While number formatting in .NET is pretty fast, it has a lot of baggage to handle custom number formatting.

Since JSON has a strict definition of a number, a Write() implementation without configuration is noticeably faster. To go the extra mile, Jil contains separate implementations for int, uint, ulong, and long.

Jil does not include custom decimal, double, or single Write() implementations, as despite my best efforts I haven't been able to beat the ones built into .NET. If you think you're up to the challenge, I'd be really interested in seeing code that is faster than the included implementations.

Custom Date Formatting

Similarly to numbers, each of Jil's date formats has a custom Write() implementation.

Custom Guid Formatting

Noticing a pattern?

Jil has a custom Guid writer (which is one of the reasons Jil only supports the D format).

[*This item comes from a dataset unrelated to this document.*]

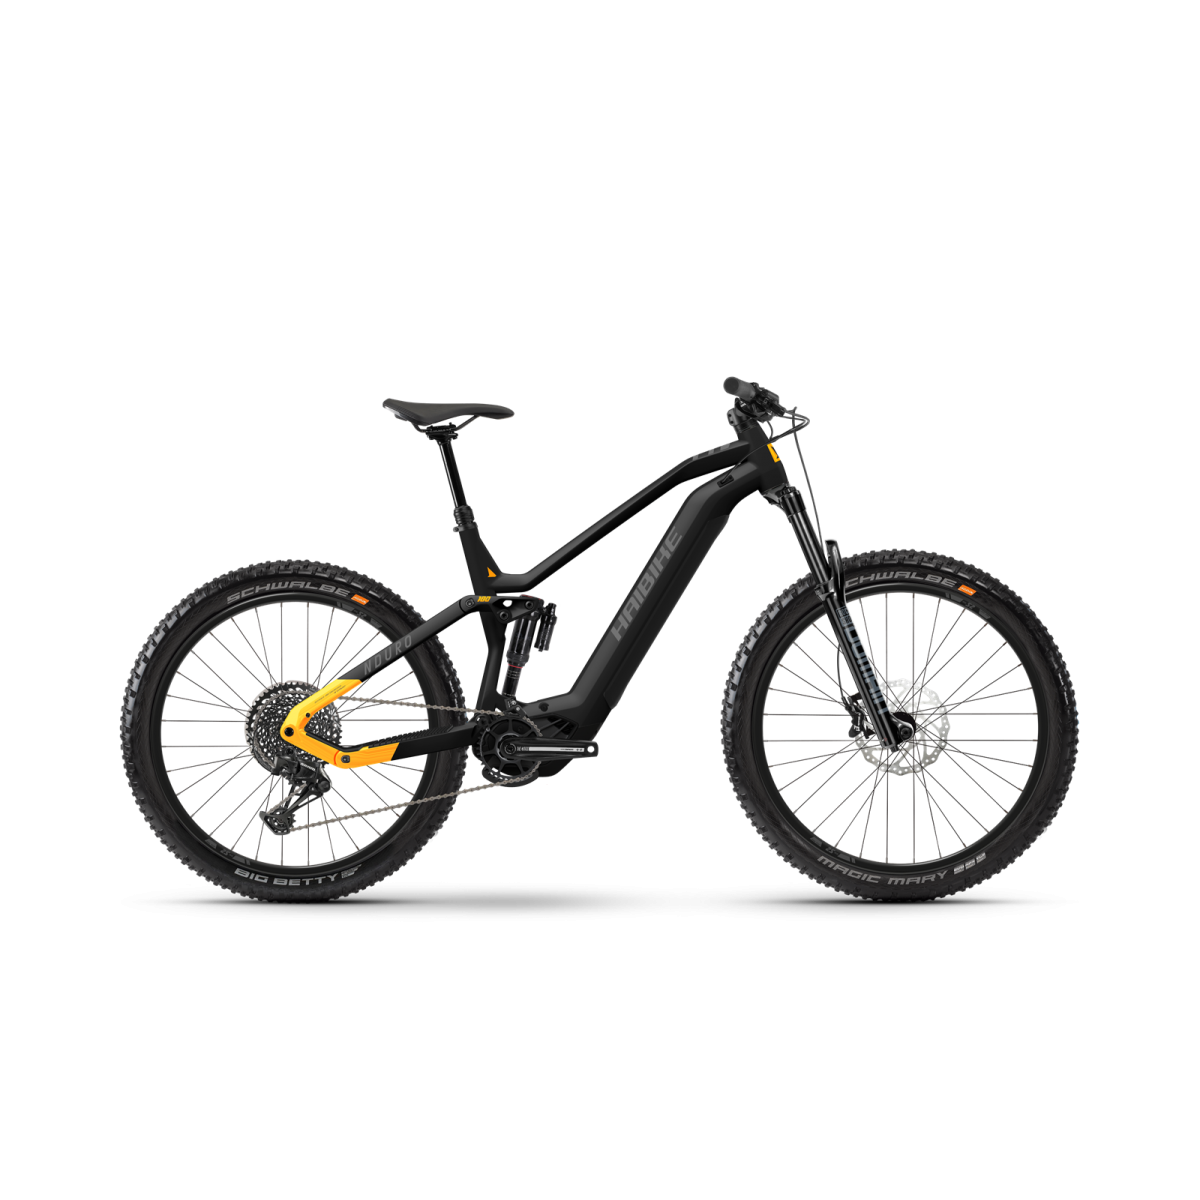 Bicicleta eléctrica de enduro Haibike Nduro 6 720Wh 29/27.5 Mullet 2023 180mm

Fun fact about this method, I tested a more branch heavy version (which removed the byte lookup) which turned out to be considerably slower than the built-in method due to branch prediction failures. Type 4 Guids being random makes for something quite close to the worst case for branch prediciton.

Different Code For Arrays

Although arrays implement IList<T> the JIT generates much better code if you give it array-ish IL to chew on, so Jil does so.

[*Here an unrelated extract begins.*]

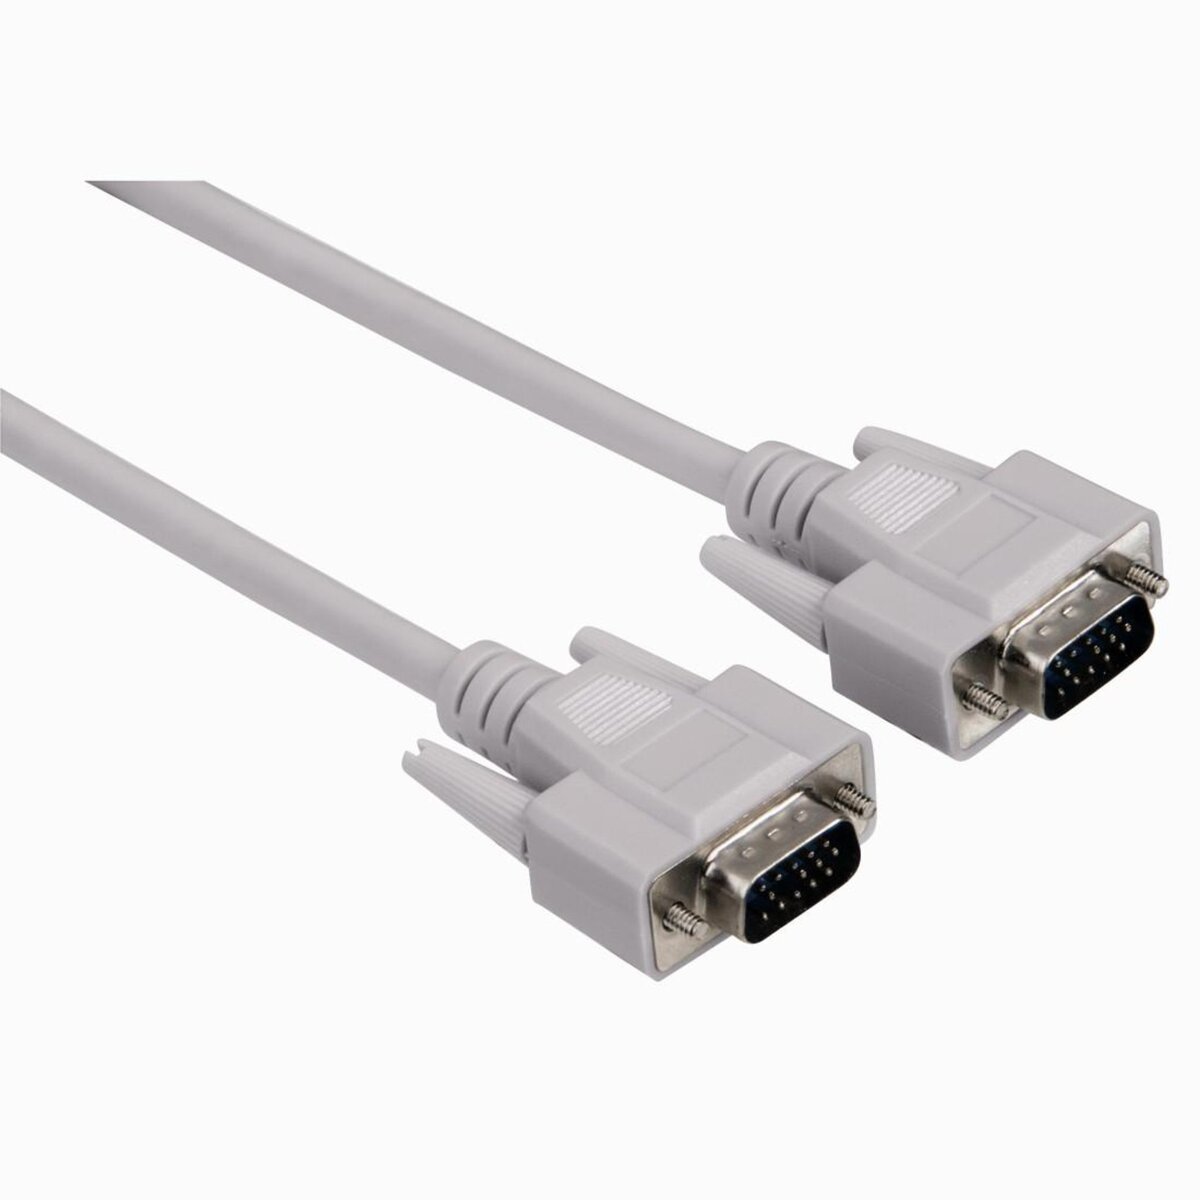 QILIVE Connectique Cable MON VGA HDD 1.8 Metres pas cher

Special Casing Enumerations With Sequential Values

Many enums end up having sequential values, Jil will exploit this if possible and generate a subtraction and jump table lookup. Non-sequential enumerations are handled with a long series of branches.

Custom Number Readers

Just like Jil maintains many different methods for writing integer types, it also maintains different methods for reading them. These methods omit unnecessary sign checks, overflow checks, and culture-specific formatting support.

Hash Based Member Name Lookups

Rather than read a member name into a string or buffer when deserializing, Jil will try to hash it one character at a time and use the remainder operator and a jump table instead. Jil uses variants of the Fowler–Noll–Vo hash function for this purpose, and falls back to Dictionary lookups if it fails.